General form of boost-only Lorentz transformations:

\begin{align*} \Lambda^0{}_0 &= \gamma \\ \Lambda^i{}_0 &= -\gamma v^i \\ \Lambda^0{}_j &= -\gamma v^j \\ \Lambda^i{}_j &= \delta_{ij} + (\gamma - 1)\frac{v_iv_j}{|\mathbf v|^2} \\ \end{align*}

If we define v^0 = \gamma v / (1-v) , we then have a unified form:

\begin{align*} \Lambda^\alpha{}_\beta &= \delta^{\alpha}{}_{\beta} - v^{\alpha}v^{\varepsilon}\eta_{\varepsilon\beta}\frac{1}{1+\gamma} \end{align*}

We can check if this obeys the identity:

\begin{align*} \Lambda^{\alpha}{}_{\gamma}\Lambda^{\beta}{}_{\delta} &= & \\ \end{align*}

Some 4-vectors

4-force F^\alpha

Define 4-force F^\alpha in that

  1. If the particle is momentarily at rest, then dt = d\tau , then the 4-force is

    f = (0, \mathbf F)

  2. Then apply Lorentz boost

\begin{align*} f'^\alpha &= \Lambda^\alpha{}_\beta f^\beta \\ f'^0 &= \Lambda^0{}_j f^j \\ &= \gamma \mathbf v \cdot F \\ f'^i &= \Lambda^i{}_j f^j \\ &= (\delta^i_{j} + v^iv_j\frac{\gamma-1}{v^2})f^j \\ \mathbf F' &= \mathbf F + \mathbf v\frac{\gamma-1}{v^2} (\mathbf v \cdot \mathbf F) \\ \end{align*}

4-velocity u^\alpha

u^\alpha = \frac{dx^\alpha}{d\tau} = (\gamma, \gamma \mathbf v) \\ u_\alpha u^\alpha = -\gamma^2 + \gamma^2 v^2 = -1

4-momentum p^\alpha

It can be defined as

p^\alpha = m u^\alpha\,,

then we get:

p = (\gamma m, \gamma \mathbf p)

Another way to generalize momentum: the momentum at rest is p = (p^0, 0) , applying Lorentz boost:

\begin{align*} p'^0 &= \gamma p^0 \\ p'^i &= \gamma v^i p^0 \end{align*}

When |v| \to c , \gamma \to 1 :

\begin{align*} p'^i &= v^i p^0 \end{align*}

This should become the clasicall limit where \mathbf p' = m\mathbf v , therefore p^0 = m .

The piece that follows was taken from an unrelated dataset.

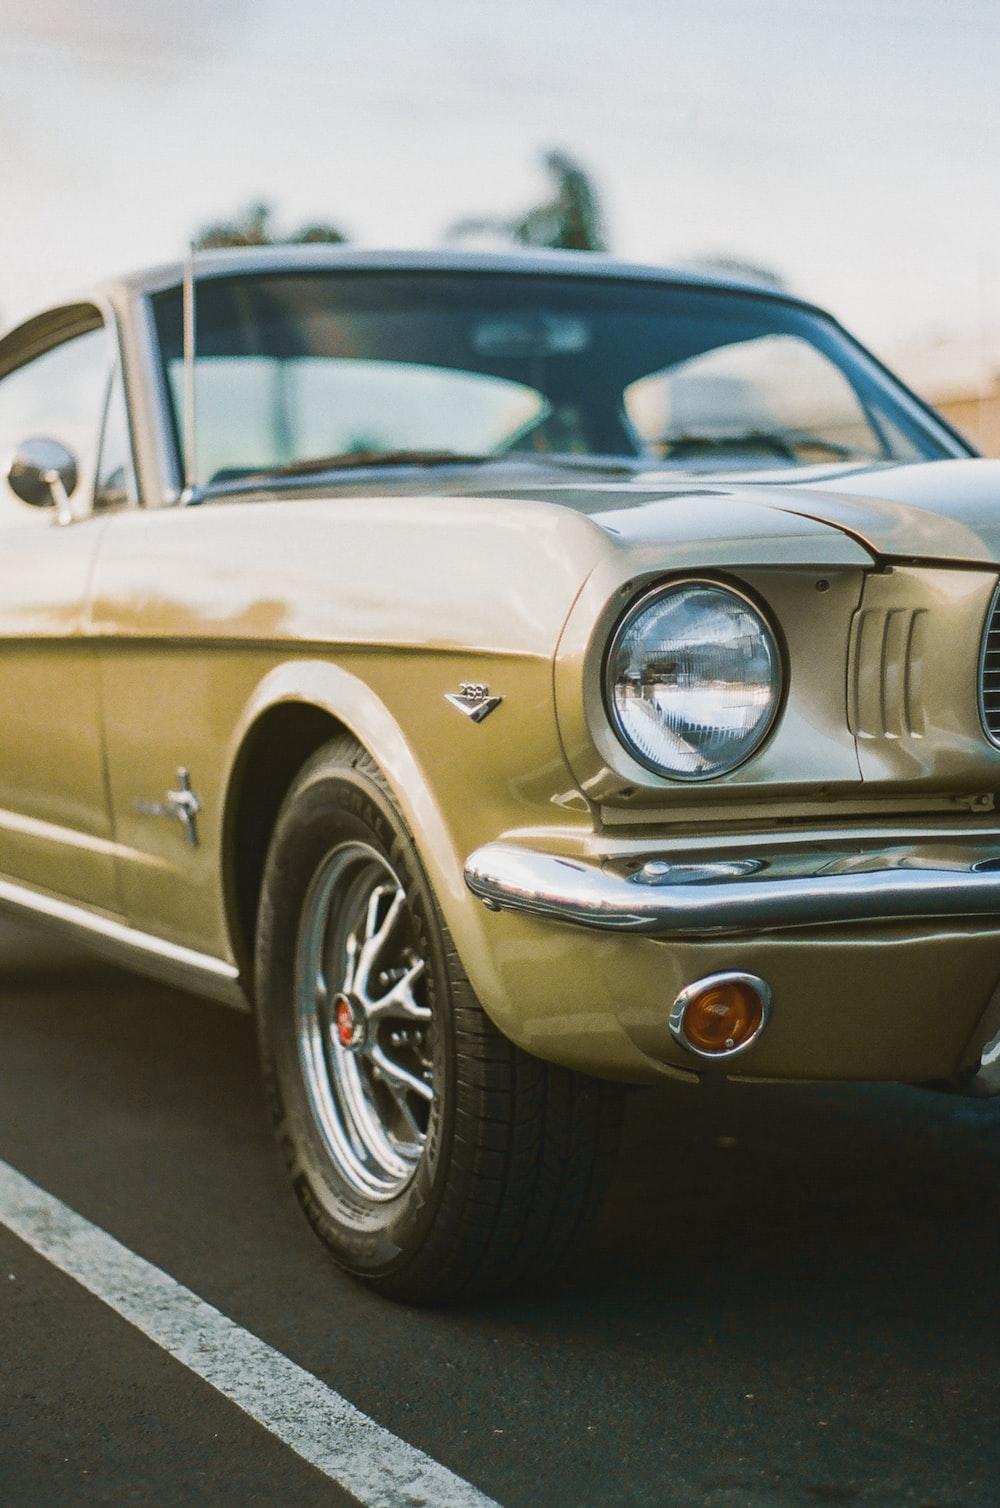 beige vintage car on road

p_\alpha p^\alpha = -m^2\\ E^2 - \mathbf p^2 = m^2

Scalars, Vectors, and Tensors

Contravariant vectors transform by Lorentz transformation; covariant vectors transform by inverse Lorentz transformation:

V^\alpha \to V'^\alpha = \Lambda^\alpha{}_\beta V^\beta\\ V_\alpha \to V'_\alpha = \Lambda_\alpha{}^\beta V_\beta\\


\Lambda_\alpha{}^\beta \equiv \eta_{\alpha\gamma}\eta^{\beta\delta}\Lambda^\gamma{}_\delta\,.

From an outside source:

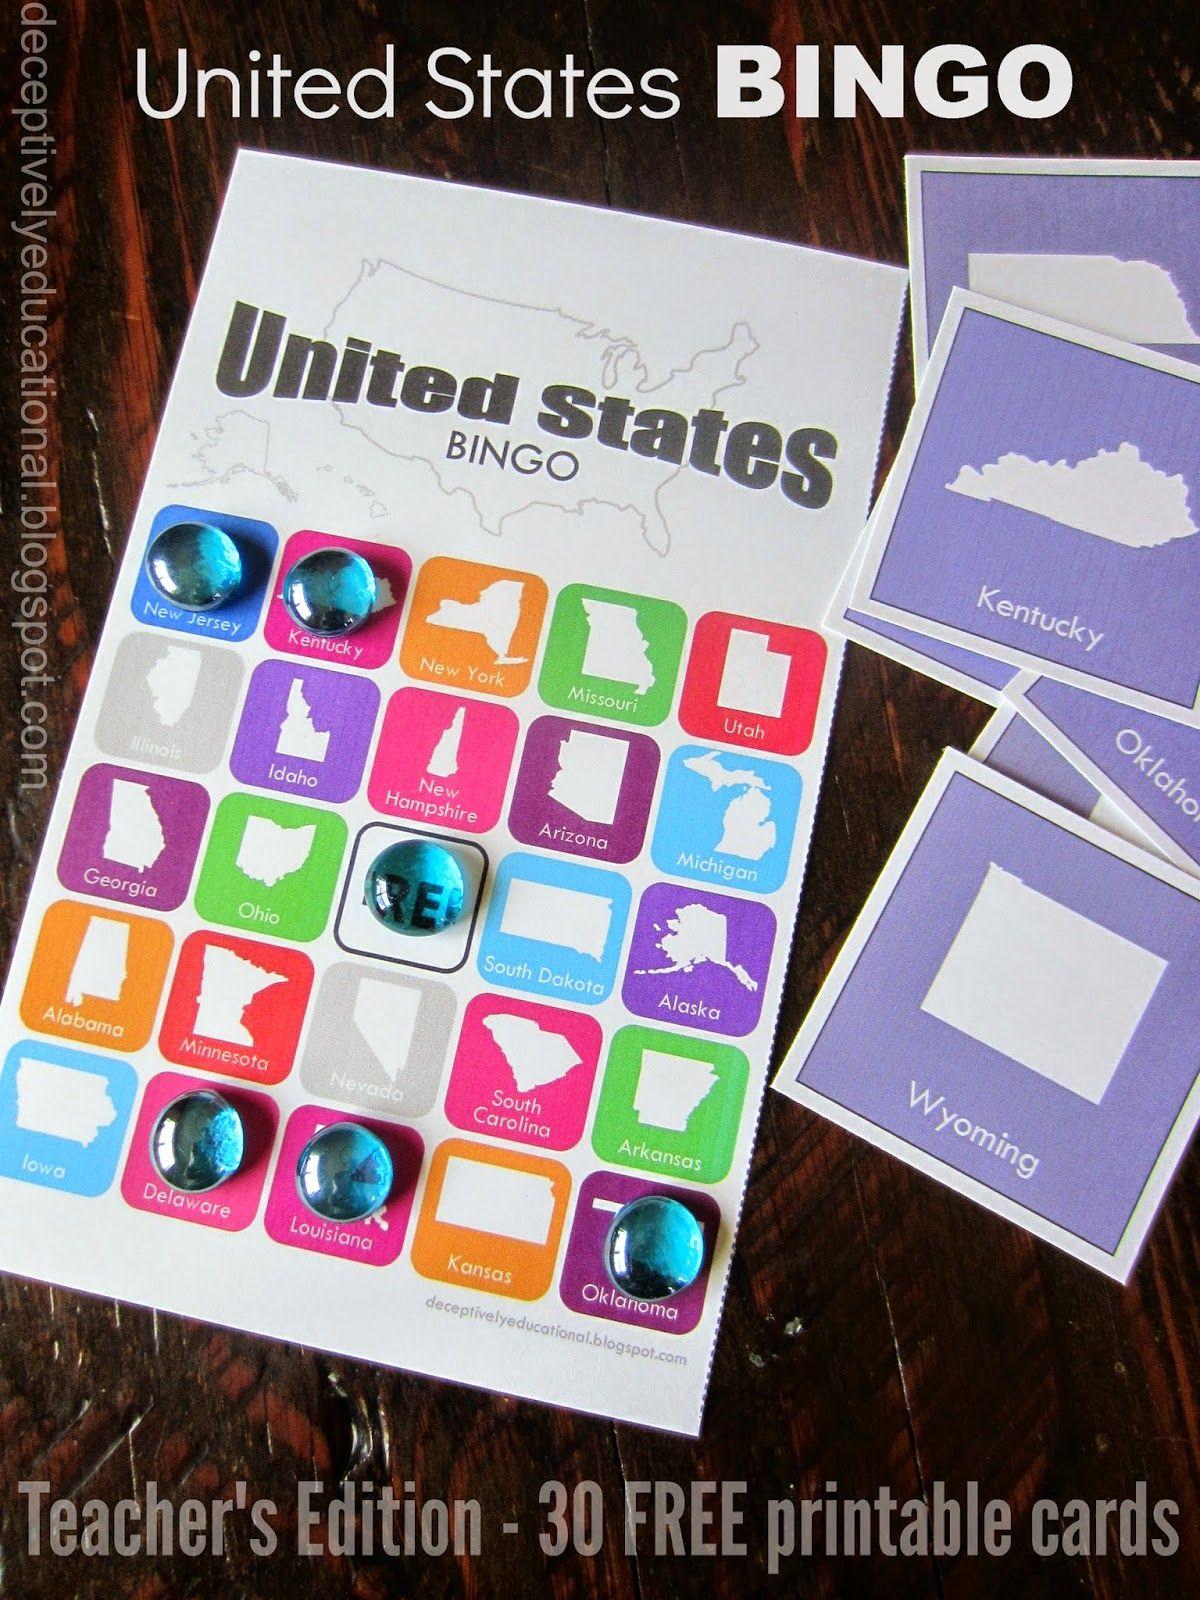 Relentlessly Fun Deceptively Educational United States Bingo

To prove this is indeed inverse Lorentz transformation:

\begin{align*} \Lambda_\alpha{}^\beta \Lambda^\alpha{}_\rho &= \eta_{\alpha\gamma}\eta^{\beta\delta}\Lambda^\gamma{}_\delta \Lambda^\alpha{}_\rho \\ &=\eta_{\rho\delta}\eta^{\beta\delta}\\ &=\delta^{\beta}{}_{\rho}\\ \end{align*}

Derivative with respect to a contravariant vector is covariant.

General Relativity 02
Last updated: 2016-06-13 01:37:20 PDT.

Reference: UCI OpenCourseWare - GR 04 (Playlist)

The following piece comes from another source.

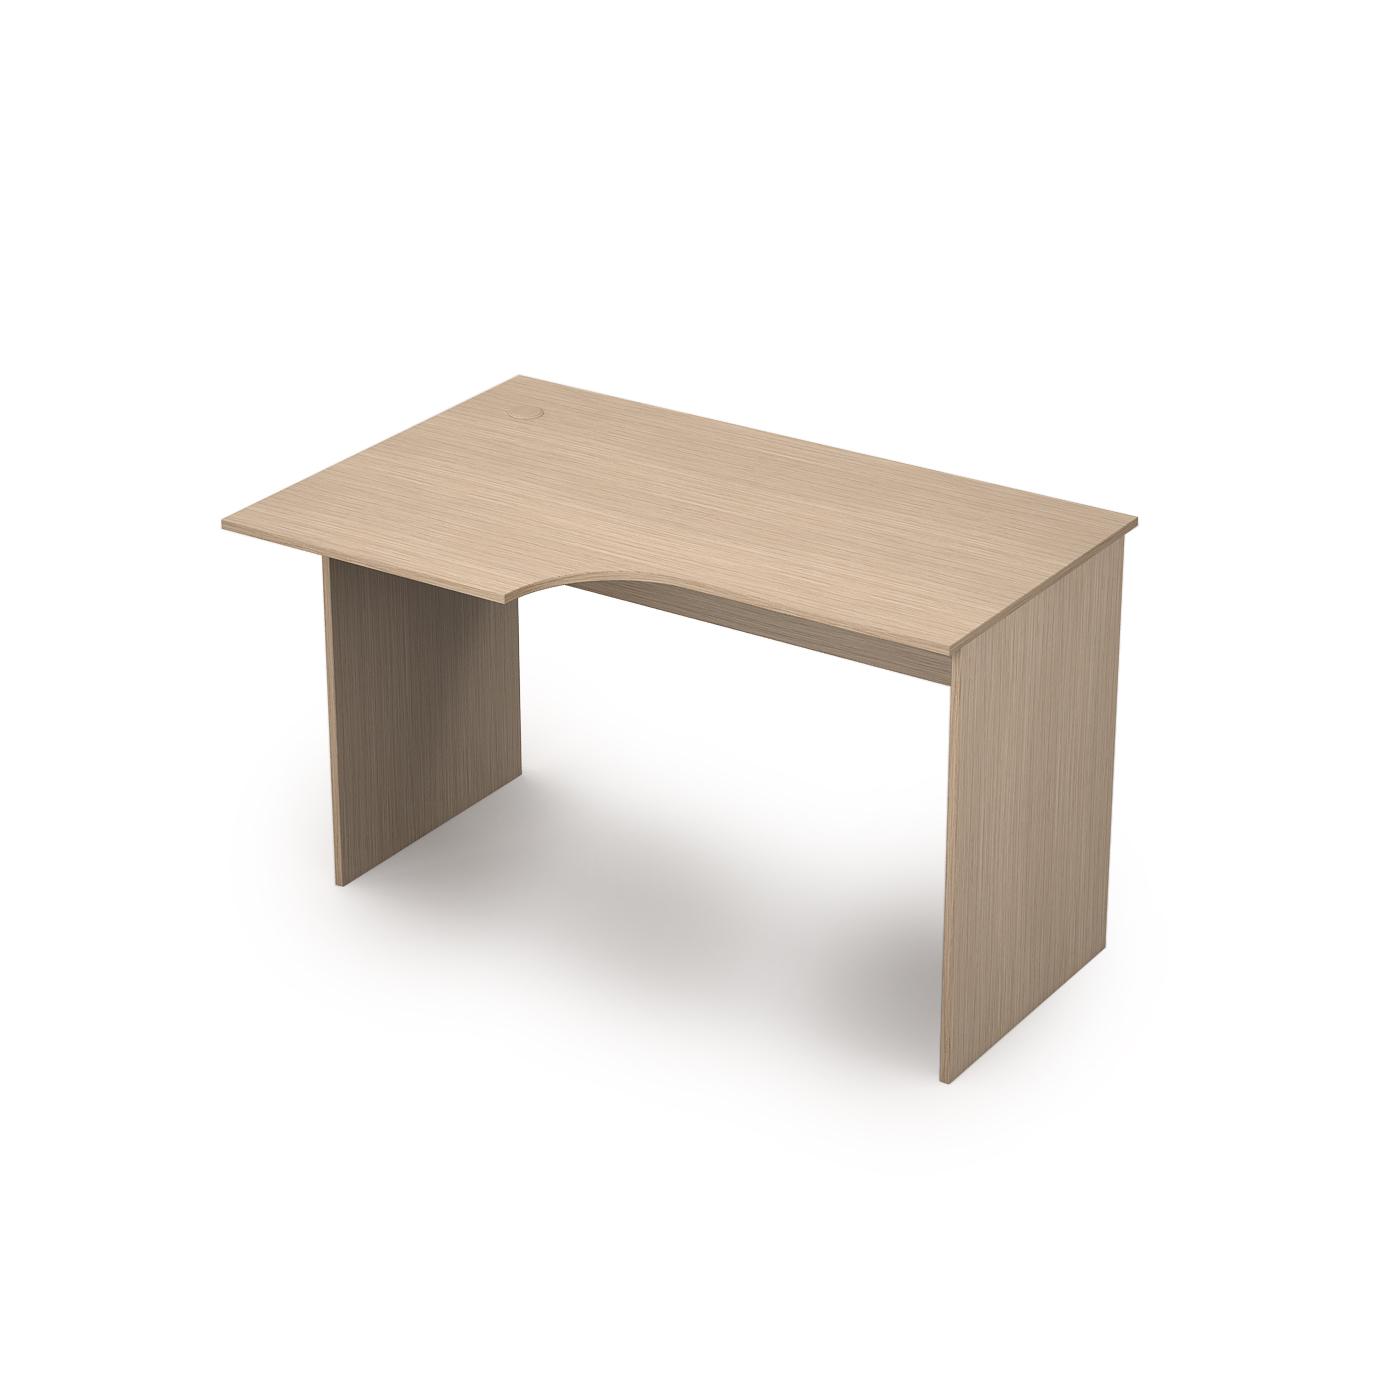 3С.041 Стол кривол. (лев.) (1200*800*750)

Scalars, Vectors, and Tensors (Contd.)

A tensor is a physical value that transform in certain ways.

How to construct tensors

  1. Linear combination of tensors of the same kind
  2. Multiply tensors with different indices (direct product). This gives symmetric tensors;
  3. Contraction. This reduces the total number of indices by 1.
  4. Differentiation/Division. Similar to direct product.

Special tensors

  1. \eta_{\alpha\beta} = \Lambda^\gamma{}_\alpha\Lambda^\delta{}_\beta\eta_{\gamma\delta} (4-invariant)
  2. \eta_{\alpha\beta}\eta^{\beta\gamma} = \delta_\alpha{}^\gamma
  3. Levi-Civita symbol:

    \varepsilon_{ijk} = \begin{cases} +1 & \text{if } (i,j,k) \text{ is } (1,2,3), (2,3,1) \text{ or } (3,1,2), \\ -1 & \text{if } (i,j,k) \text{ is } (3,2,1), (1,3,2) \text{ or } (2,1,3), \\ \;\;\,0 & \text{if }i=j \text{ or } j=k \text{ or } k=i \end{cases}

(Wikipedia) ... Also, the specific term "symbol" emphasizes that it is not a tensor because of how it transforms between coordinate systems, however it can be interpreted as a tensor density.

Special topics

Current Densities and Electromagnetism

If we have a simple particle that follows \mathbf {\hat x}(t) .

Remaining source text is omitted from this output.